# Exact sequences

1. Apr 5, 2007

### StatusX

This is a very vague question, but I'd like to know whatever insights anyone could offer about exact sequences. What do they represent? Why are they so important? I'm studying homology right now, and exact sequences are central to the theory, but I've never seen them before. What is the intuition behind the different lemmas (snake, five, etc), or are they just abstract diagram chasing with no easy interpretation?

2. Apr 5, 2007

### matt grime

The point about homology is that it measures defects, or obstructions.

So suppose that I have a map of vector spaces, f:V-->W. What is the obstruction that prevents that being an isomorphism? Well, there is the kernel of f, stopping it being injective and the cokernel of f stopping it being surjective. What that means is that we can complete

V-->W

to an exact sequence

0-->ker(f)-->V-->W-->coker(f)-->0

Anyhow. getting back to things at hand.

Things in homology are about measuring defects. Snake lemmas, etc, tell you how those defects are related.

It is just linear algebra, essentially - if something is not injective it has a kernel, etc.

3. Apr 5, 2007

### StatusX

Thanks, that makes sense. In a "perfect" space, with no holes, every cycle would be a boundary, and so the chain groups would form an exact sequence, and the homolgy would be trivial. The homology groups tell us how the space deviates from this, ie, what kinds of holes it has.

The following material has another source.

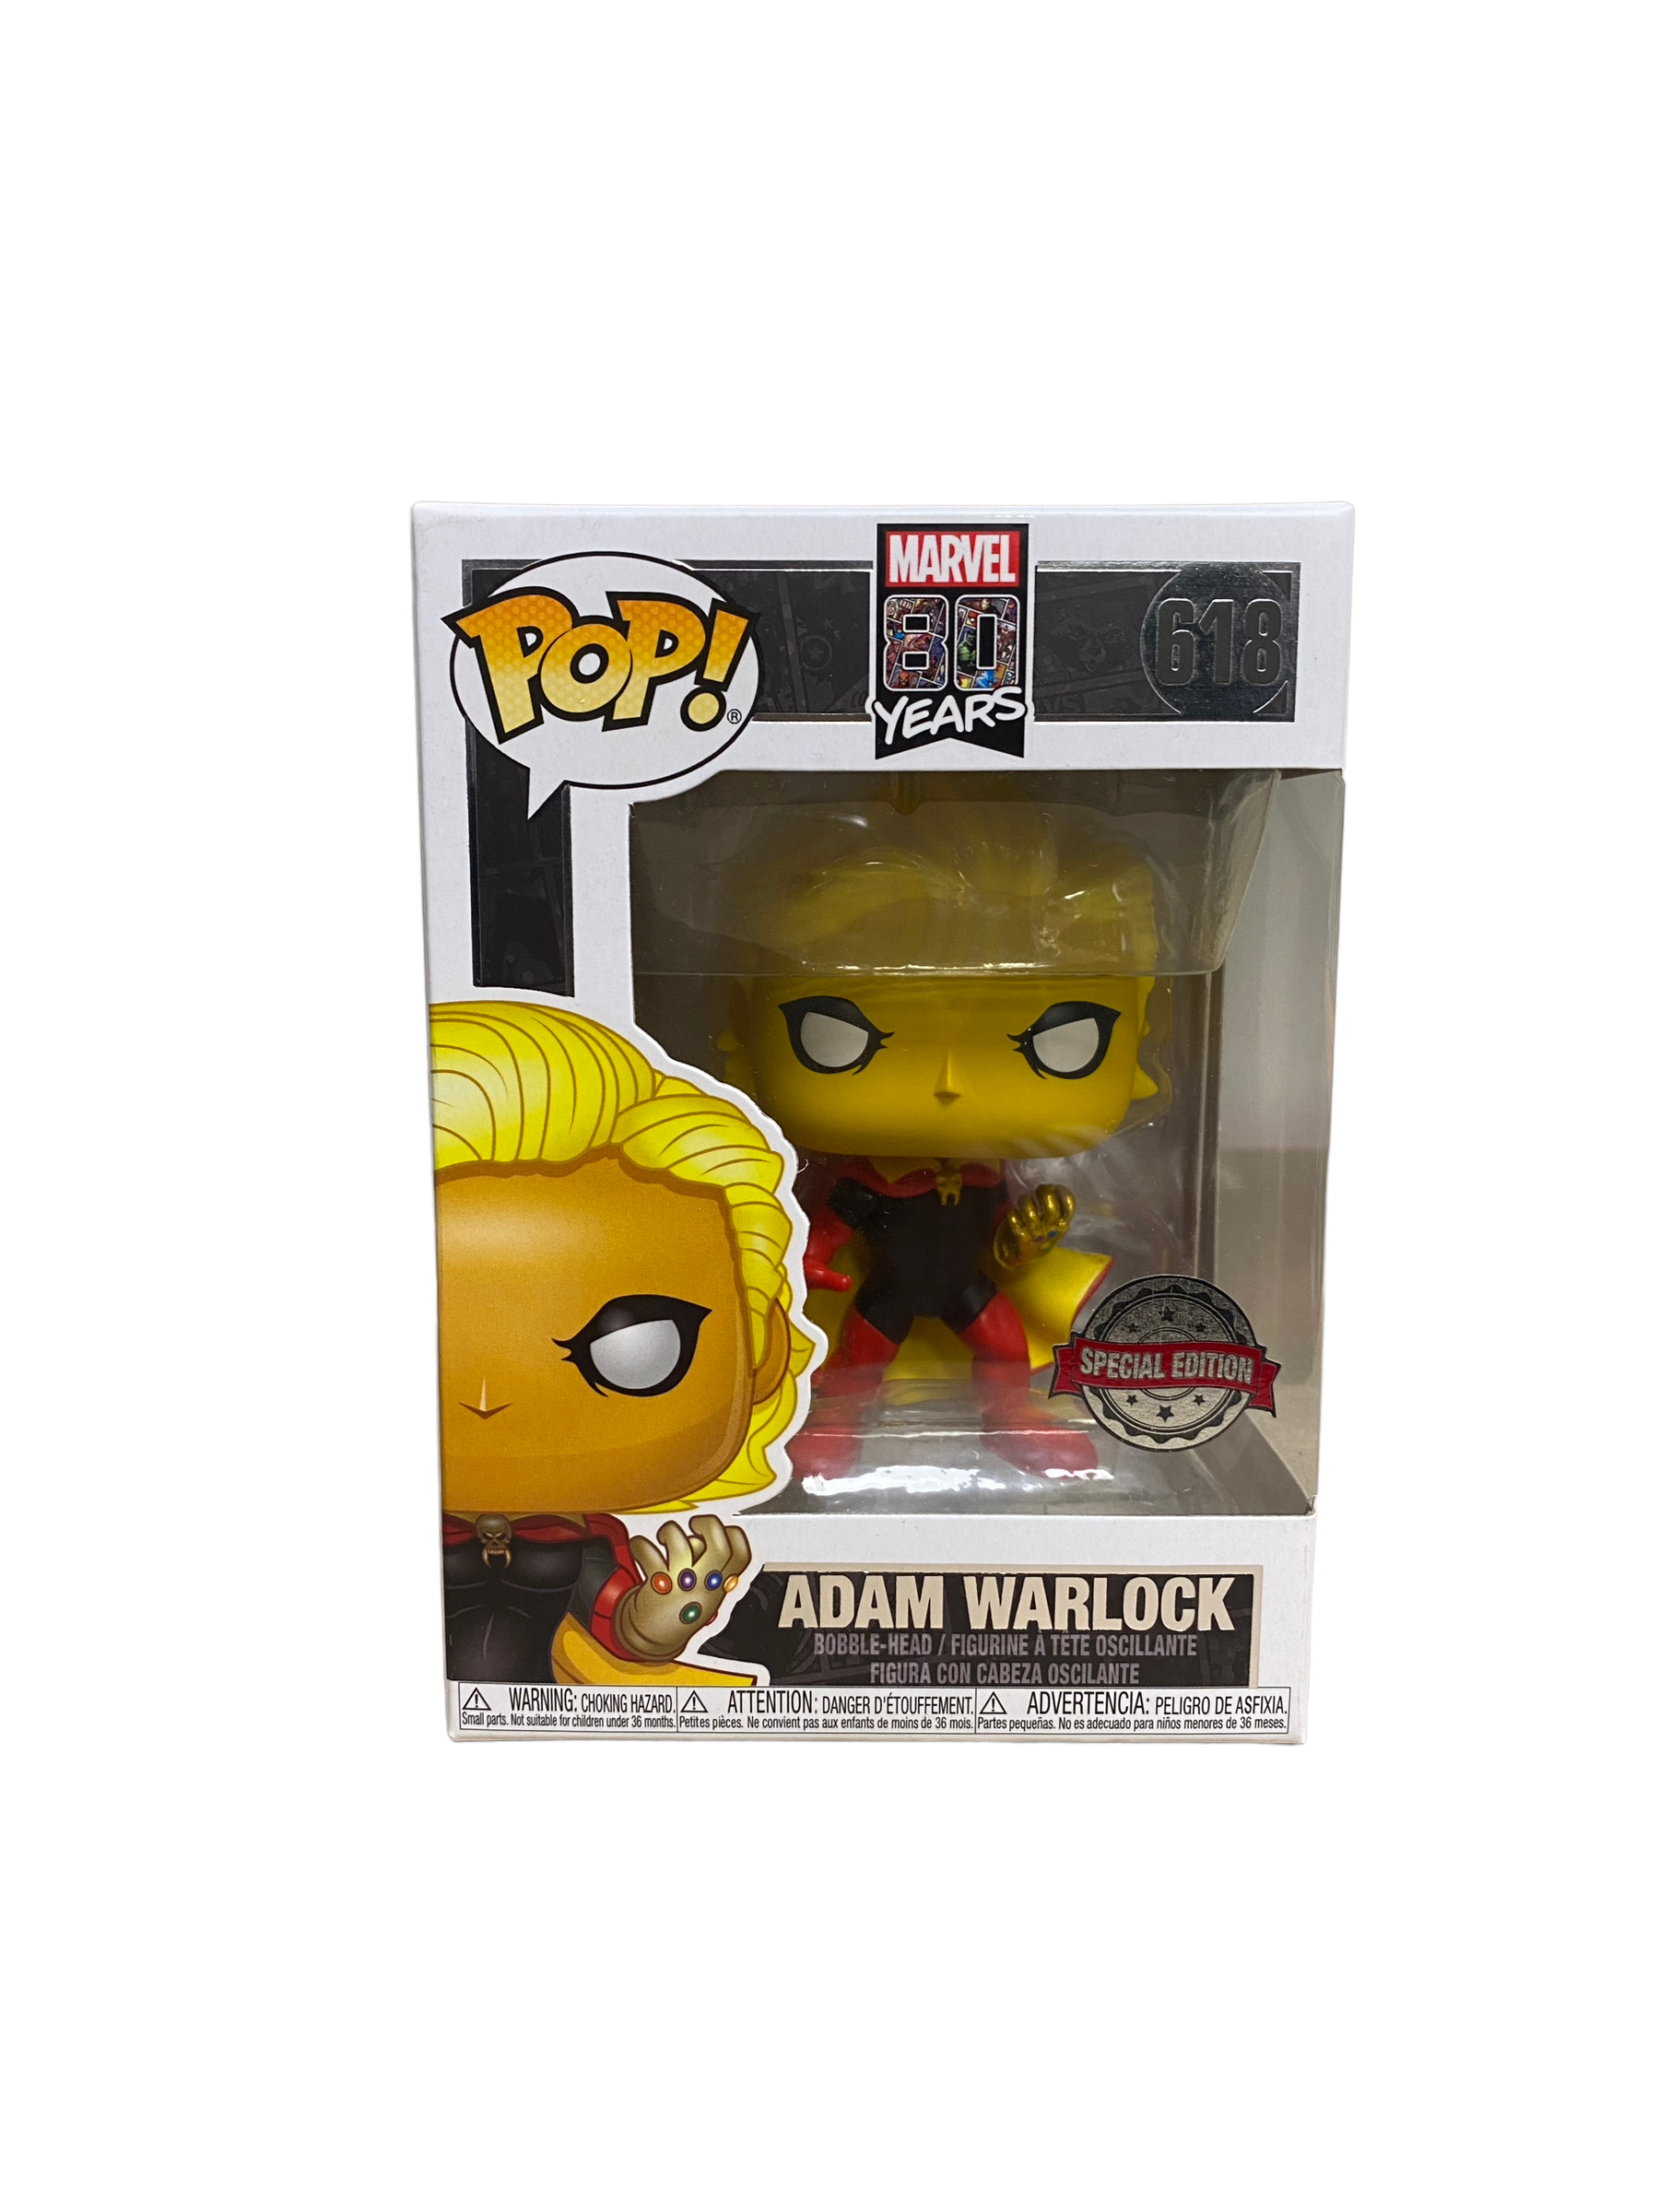 Adam Warlock #618 Funko Pop! - Marvel 80 Years - Special Edition - Condition 9/10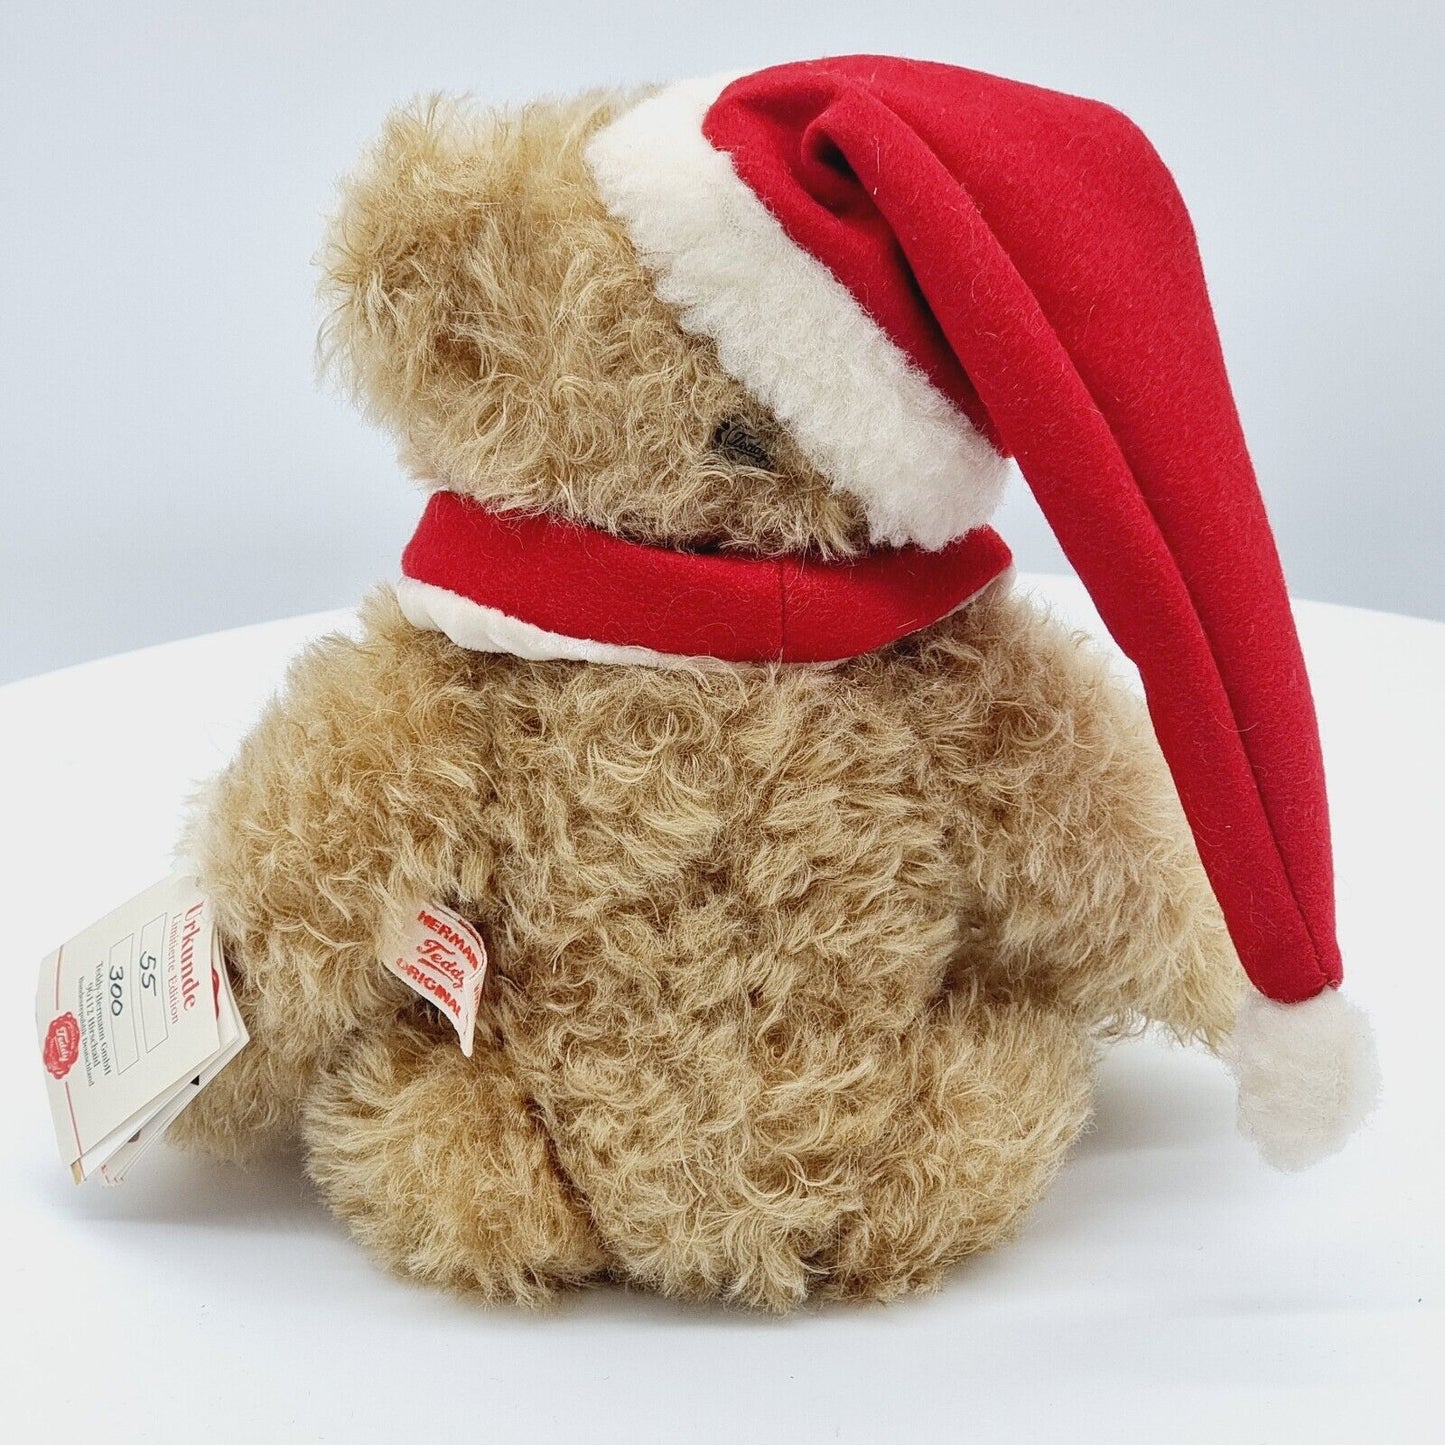 Teddy-Hermann Teddybär Weihnachtsmann 30 cm limitiert auf 300 Stück

But I still don't understand where the actual, perfect exact sequences come into things. For example, take the Mayer Vietoris sequence. To derive this, you form the short exact sequence of chain groups.

$$0 \rightarrow C_n(A \cap B) \rightarrow C_n(A) \oplus C_n(B) \rightarrow C_n (A+B) \rightarrow 0$$

Where it can be shown under nice circumstances that the homolgy induced by C_n(A+B) (sums of chains entirely in A or entirely in B) is isomorphic to the homology of their union. Then the snake lemma says this extends to a long exact sequence of homology groups:

$$...\rightarrow H_{n+1}(A \cup B)\rightarrow H_n(A \cap B) \rightarrow H_n(A) \oplus H_n(B) \rightarrow H_n (A \cup B) \rightarrow H_{n-1}(A \cap B) \rightarrow ...$$

What does this mean??? I know how to use it to compute things, and it is very useful for that. But I have no idea what this sequence tells me about the corresponding groups, let alone the corresponding spaces. Like I said, this is a very vauge question, and probably a difficult one to answer. It's probably just something you have to get familiar with, but I'm just looking for a head start in understanding it.

4. Apr 5, 2007

### mathwonk

an exact sequence is just the statement of the rank nullity theorem, but repeated over and over for compositions of maps : i.e. 0-->A-->B-->C-->0 is exact if and only if the kernel of the map B-->C is A, and the map B-->C is onto.

i.e. the rank of the map B-->C is dimC and the nullity is dimA, and these add up to dimB.

the sequence 0-->A-->B-->C-->D-->0 is exact if the kernel of the map B-->C is A, and the quotient of C by the image of the map B-->C is D.

thus dimA-dimB+dimC-dimD = 0, etc.....

5. Apr 6, 2007

### matt grime

Mayer Vietoris says that to work out the obstructions in AuB, that's like taking disjoint copies of A and B and looking at their defects, and then counting the ones you counted twice from their intersection that you ignored: it is the inclusion exclusion principle. The snake lemma tells you that if you were looking at n-dim holes, then you next need to take into account the n-1 dim holes - or the boundaries of the n-dim holes.

6. Apr 6, 2007

### mathwonk

do an example, like A,B both discs, and AmeetB
a circle, and AunionB a sphere.

presumably knowing the hom ology of a circle should allow you to compute the homology of a sphere.